Haplotype analyses in wheat for complex traits: tracking the chromosome 3B and 7B regions associated with late maturity alpha amylase (LMA) in breeding programs
M. D. McNeil A E , D. Diepeveen B , R. Wilson C , I. Barclay C , R. McLean C , B. Chalhoub D and R. Appels BA WA State Agricultural Biotechnology Centre, Murdoch University, Murdoch, WA 6150, Australia.
B Centre for Comparative Genomics, Murdoch University, Murdoch, WA 6150, Australia.
C Department of Agriculture and Food, WA, South Perth, WA 6151, Australia.
D Laboratory of Genome Organization, Unité de Recherches en Génomique Végétale-Institut National de la Recherche Agronomique, F-91057 Évry Cedex, France.

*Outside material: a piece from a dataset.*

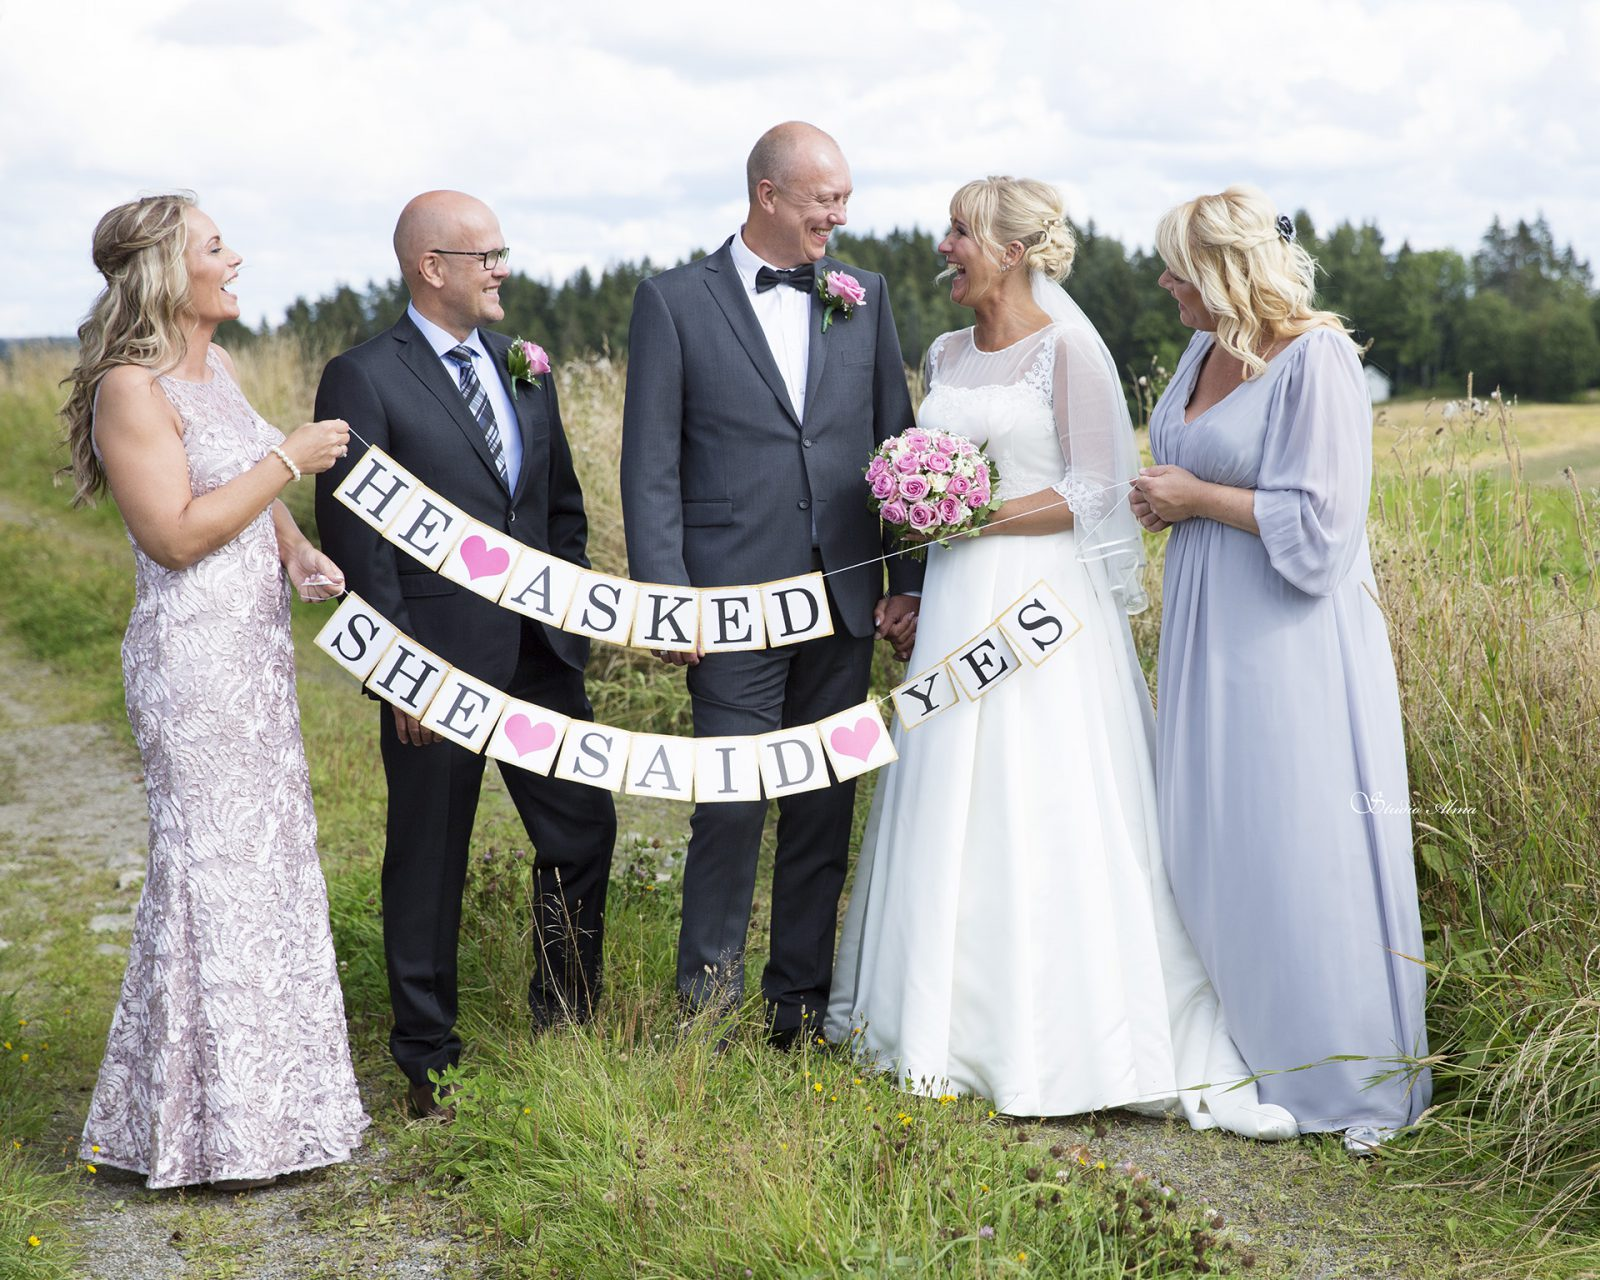 brudepar-forlovere-bryllup-studioalma

E Corresponding author. CSIRO Plant Industry, Queensland Bioscience Precinct, University of Queensland, Qld, Australia. Email: Meredith.McNeil@csiro.au
Crop and Pasture Science 60(5) 463-471 https://doi.org/10.1071/CP08340
Submitted: 8 October 2008 Accepted: 24 February 2009 Published: 14 May 2009
Abstract
The quantitative trait loci (QTLs) on chromosomes 7BL and 3BS from Halberd have been used as a major source of tolerance to late maturity α amylase (LMA) within Australian wheat breeding programs. New simple sequence repeat (SSR) markers identified from the sequencing of Bacterial Artificial Chromosome (BAC) clones from the wheat cv. Renan library, and known SSRs, were used to characterise these major QTLs. The reduction or elimination of the LMA defect in wheat cultivars is a major goal for wheat breeding programs and is confounded by the complexity in measuring the trait unambiguously. In this haplotyping study focussing on two significant chromosomal regions, markers and combinations of markers were investigated for their ability to discriminate between 39 Australian and Mexican wheat lines differing in levels of LMA. Genetic relationships among these wheat lines estimated by cluster analysis of molecular marker data were combined with phenotypic information in order to calibrate the genotypes of the wheat lines against their LMA phenotype. It was evident that some SSRs from the respective QTLs had greater discriminating power than others to identify LMA phenotypes. Discrimination was not, however, absolute and a statistical analysis of the data defined a risk factor associated with particular combinations of alleles, for use in early selection or backcrossing.
Additional keywords: haplotype diversity, microsatellite markers, Bacterial Artificial Chromosome, SSR.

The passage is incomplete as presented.